**The data**:
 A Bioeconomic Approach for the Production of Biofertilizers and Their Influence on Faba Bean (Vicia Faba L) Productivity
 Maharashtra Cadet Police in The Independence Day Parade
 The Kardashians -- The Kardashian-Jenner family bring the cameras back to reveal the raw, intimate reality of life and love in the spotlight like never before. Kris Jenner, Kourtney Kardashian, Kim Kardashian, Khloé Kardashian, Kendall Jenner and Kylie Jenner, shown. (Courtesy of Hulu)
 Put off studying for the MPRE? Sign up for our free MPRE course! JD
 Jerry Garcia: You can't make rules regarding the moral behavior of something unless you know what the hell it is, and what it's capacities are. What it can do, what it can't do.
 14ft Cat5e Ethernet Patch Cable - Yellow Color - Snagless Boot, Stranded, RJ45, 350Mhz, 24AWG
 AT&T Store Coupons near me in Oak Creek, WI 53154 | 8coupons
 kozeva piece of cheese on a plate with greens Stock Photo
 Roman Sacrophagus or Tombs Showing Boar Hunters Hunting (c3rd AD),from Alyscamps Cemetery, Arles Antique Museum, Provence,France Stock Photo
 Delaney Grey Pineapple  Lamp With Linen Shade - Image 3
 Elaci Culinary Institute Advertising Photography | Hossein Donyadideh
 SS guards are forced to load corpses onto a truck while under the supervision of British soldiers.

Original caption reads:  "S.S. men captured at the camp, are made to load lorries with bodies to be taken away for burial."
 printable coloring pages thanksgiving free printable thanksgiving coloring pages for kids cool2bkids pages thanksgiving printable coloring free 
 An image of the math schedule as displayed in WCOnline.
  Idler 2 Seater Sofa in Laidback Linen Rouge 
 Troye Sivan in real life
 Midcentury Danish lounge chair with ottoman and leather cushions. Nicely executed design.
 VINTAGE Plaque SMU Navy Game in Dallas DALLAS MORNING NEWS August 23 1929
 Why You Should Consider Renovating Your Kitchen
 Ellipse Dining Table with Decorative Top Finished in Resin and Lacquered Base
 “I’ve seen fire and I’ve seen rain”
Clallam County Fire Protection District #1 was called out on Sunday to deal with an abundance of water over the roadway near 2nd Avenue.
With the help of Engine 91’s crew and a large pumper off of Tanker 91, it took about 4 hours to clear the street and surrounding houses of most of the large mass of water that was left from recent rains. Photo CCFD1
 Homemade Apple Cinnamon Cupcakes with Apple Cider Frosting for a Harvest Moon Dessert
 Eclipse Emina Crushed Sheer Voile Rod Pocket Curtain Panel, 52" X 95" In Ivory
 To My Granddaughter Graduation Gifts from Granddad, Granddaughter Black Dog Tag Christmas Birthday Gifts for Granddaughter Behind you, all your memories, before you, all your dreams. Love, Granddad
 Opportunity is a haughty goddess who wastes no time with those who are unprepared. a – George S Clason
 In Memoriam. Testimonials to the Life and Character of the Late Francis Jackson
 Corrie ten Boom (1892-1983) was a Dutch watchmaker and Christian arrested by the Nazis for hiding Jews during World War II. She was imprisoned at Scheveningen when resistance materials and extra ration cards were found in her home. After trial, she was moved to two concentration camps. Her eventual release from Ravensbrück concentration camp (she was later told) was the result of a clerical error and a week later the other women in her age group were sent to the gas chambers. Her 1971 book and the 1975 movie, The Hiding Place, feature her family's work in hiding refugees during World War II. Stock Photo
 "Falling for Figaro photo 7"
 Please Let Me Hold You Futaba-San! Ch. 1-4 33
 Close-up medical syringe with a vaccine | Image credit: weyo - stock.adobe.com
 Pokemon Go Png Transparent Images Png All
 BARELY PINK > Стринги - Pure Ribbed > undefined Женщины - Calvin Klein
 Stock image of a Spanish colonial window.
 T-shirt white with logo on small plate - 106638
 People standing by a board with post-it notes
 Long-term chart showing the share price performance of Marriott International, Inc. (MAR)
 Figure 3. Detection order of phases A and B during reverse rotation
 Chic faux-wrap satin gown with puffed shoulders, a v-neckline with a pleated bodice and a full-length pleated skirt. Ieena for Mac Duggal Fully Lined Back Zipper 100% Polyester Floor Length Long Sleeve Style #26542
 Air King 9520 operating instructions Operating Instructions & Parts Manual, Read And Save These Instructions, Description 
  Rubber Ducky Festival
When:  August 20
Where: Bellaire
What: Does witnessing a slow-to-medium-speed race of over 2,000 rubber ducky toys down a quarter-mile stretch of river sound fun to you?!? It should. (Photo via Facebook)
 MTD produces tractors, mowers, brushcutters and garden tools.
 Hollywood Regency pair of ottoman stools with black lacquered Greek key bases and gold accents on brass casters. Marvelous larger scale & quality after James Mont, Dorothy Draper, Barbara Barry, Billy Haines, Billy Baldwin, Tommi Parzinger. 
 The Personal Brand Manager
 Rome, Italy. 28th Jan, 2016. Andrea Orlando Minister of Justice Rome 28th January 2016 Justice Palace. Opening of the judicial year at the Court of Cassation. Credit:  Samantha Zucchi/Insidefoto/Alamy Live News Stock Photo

**Task prompt**: Only these lines should appear in the reply: the one containing "Stock image of a Spanish colonial window.", the last line of the data, and all lines between them, each copied exactly.

**Exercise solution**:
 Stock image of a Spanish colonial window.
 T-shirt white with logo on small plate - 106638
 People standing by a board with post-it notes
 Long-term chart showing the share price performance of Marriott International, Inc. (MAR)
 Figure 3. Detection order of phases A and B during reverse rotation
 Chic faux-wrap satin gown with puffed shoulders, a v-neckline with a pleated bodice and a full-length pleated skirt. Ieena for Mac Duggal Fully Lined Back Zipper 100% Polyester Floor Length Long Sleeve Style #26542
 Air King 9520 operating instructions Operating Instructions & Parts Manual, Read And Save These Instructions, Description 
  Rubber Ducky Festival
When:  August 20
Where: Bellaire
What: Does witnessing a slow-to-medium-speed race of over 2,000 rubber ducky toys down a quarter-mile stretch of river sound fun to you?!? It should. (Photo via Facebook)
 MTD produces tractors, mowers, brushcutters and garden tools.
 Hollywood Regency pair of ottoman stools with black lacquered Greek key bases and gold accents on brass casters. Marvelous larger scale & quality after James Mont, Dorothy Draper, Barbara Barry, Billy Haines, Billy Baldwin, Tommi Parzinger. 
 The Personal Brand Manager
 Rome, Italy. 28th Jan, 2016. Andrea Orlando Minister of Justice Rome 28th January 2016 Justice Palace. Opening of the judicial year at the Court of Cassation. Credit:  Samantha Zucchi/Insidefoto/Alamy Live News Stock Photo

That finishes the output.